**Problem to solve**
Your copy should match the listing below word for word, with no images in it.

Start of Data

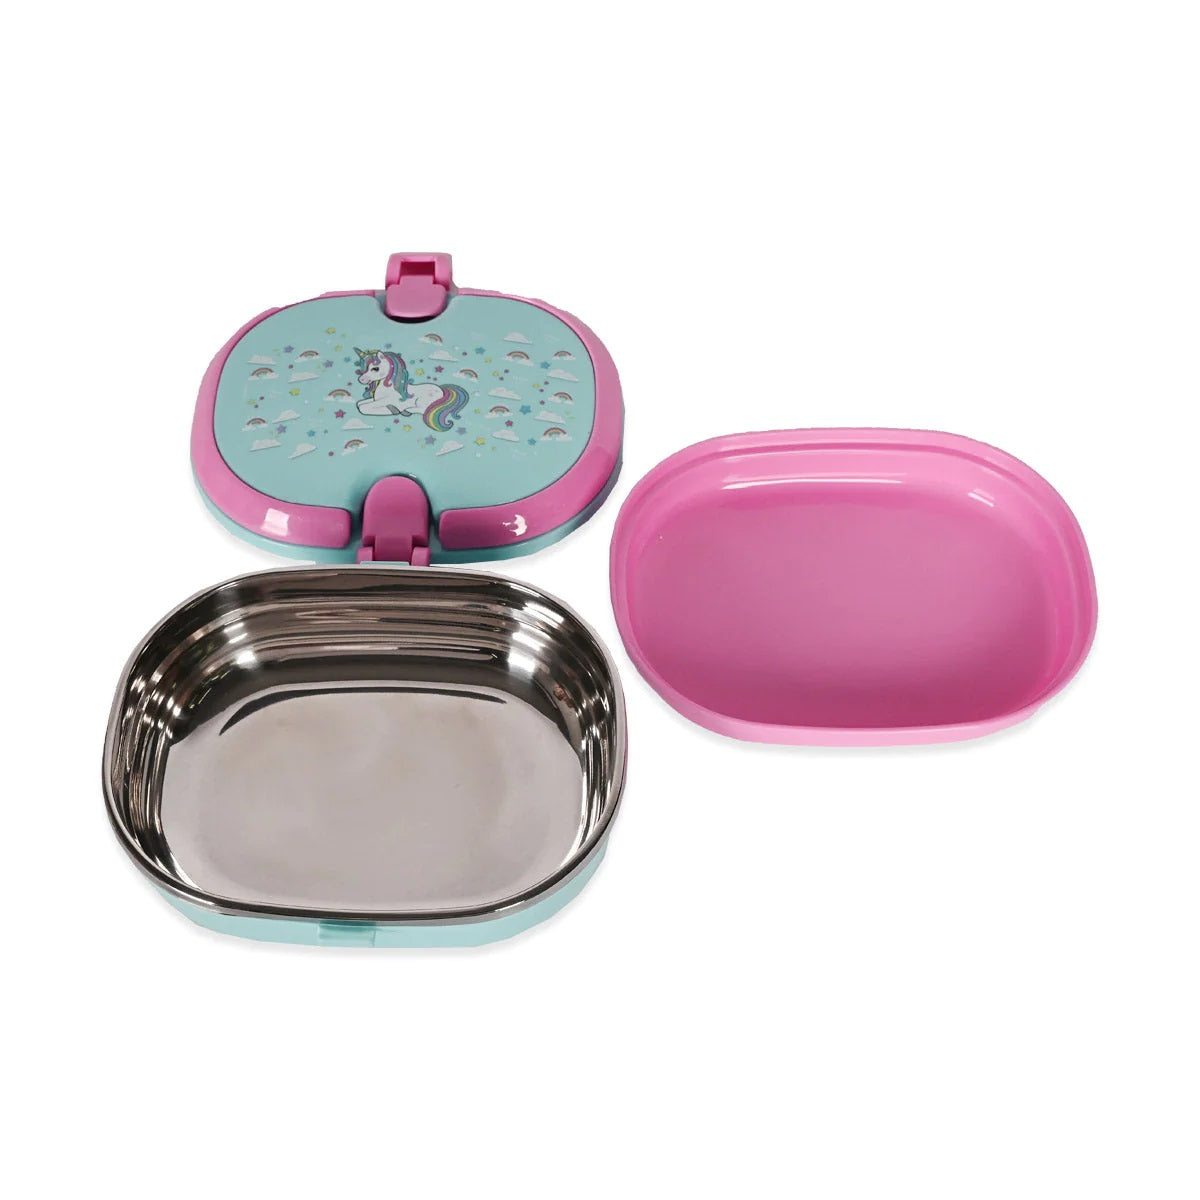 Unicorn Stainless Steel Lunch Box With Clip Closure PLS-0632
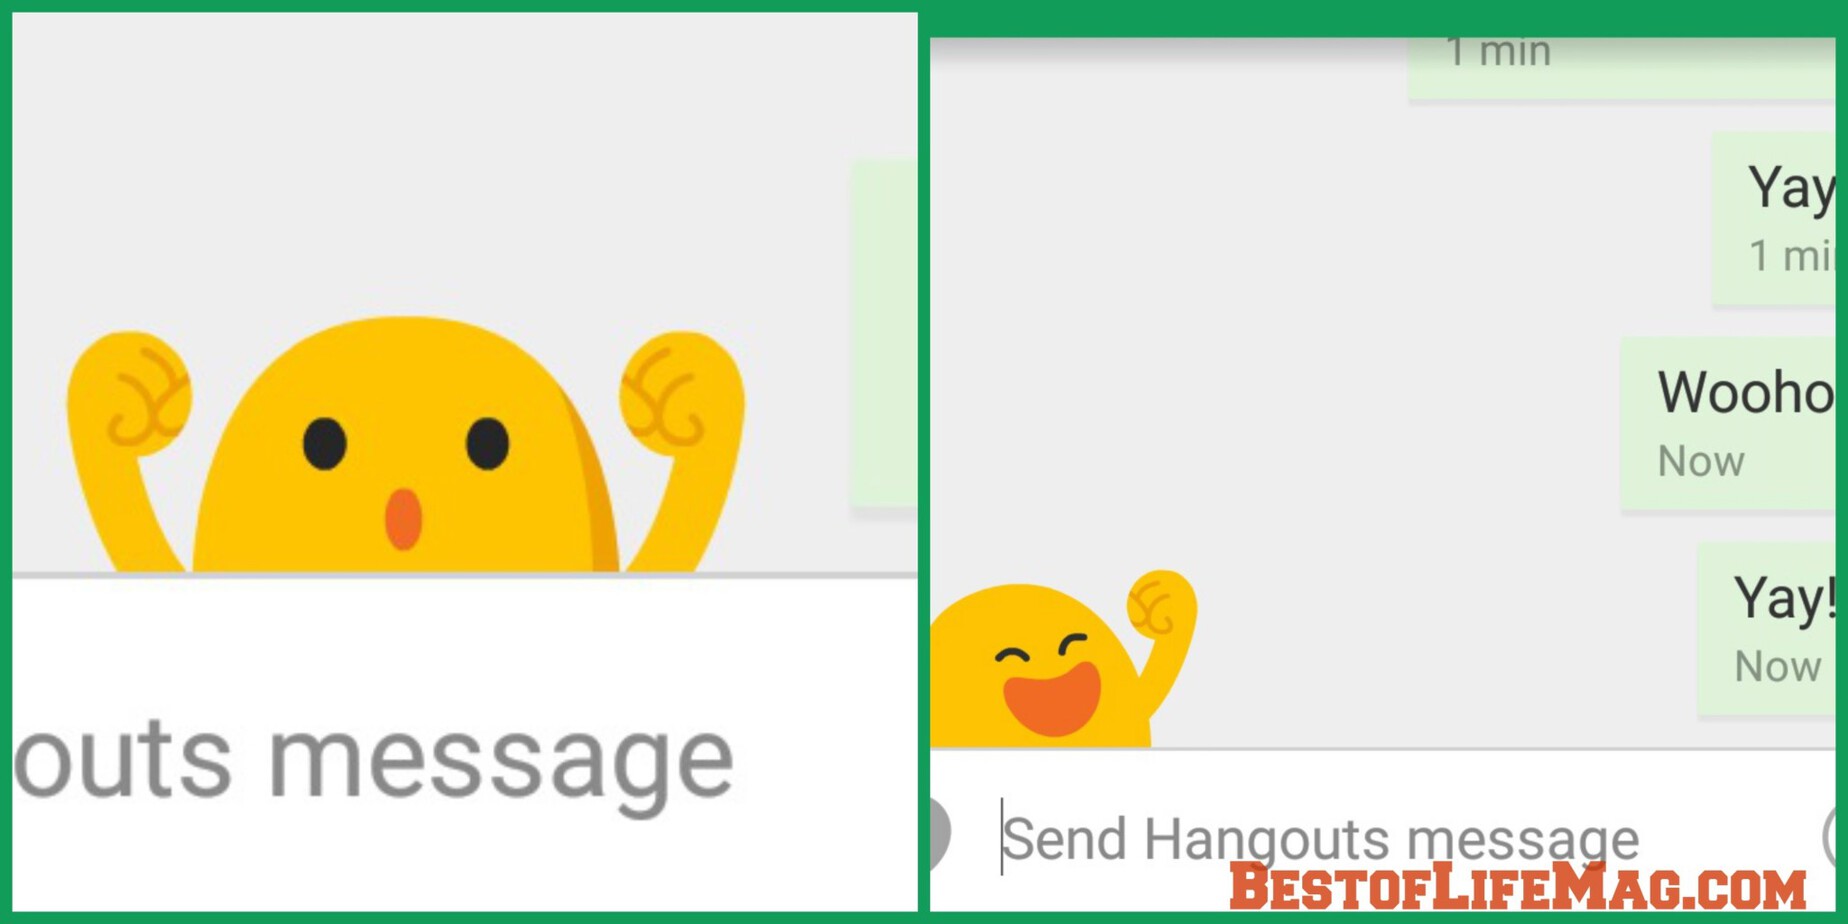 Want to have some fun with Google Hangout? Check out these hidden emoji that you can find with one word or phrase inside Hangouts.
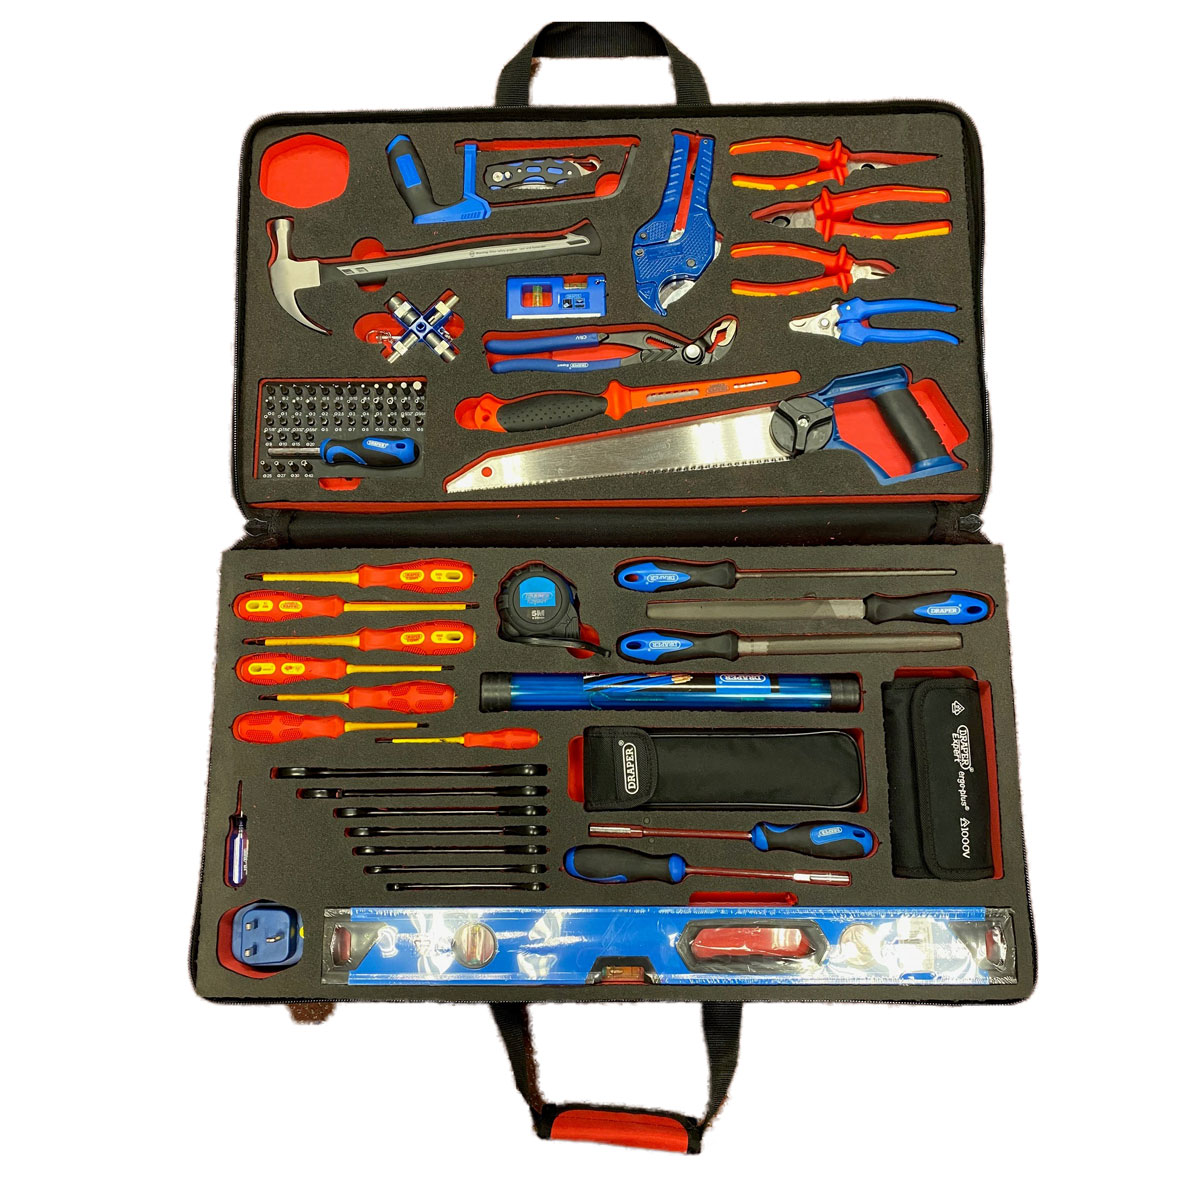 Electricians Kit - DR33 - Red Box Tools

End of Data

**Answer box**
 Unicorn Stainless Steel Lunch Box With Clip Closure PLS-0632
 Want to have some fun with Google Hangout? Check out these hidden emoji that you can find with one word or phrase inside Hangouts.
 Electricians Kit - DR33 - Red Box Tools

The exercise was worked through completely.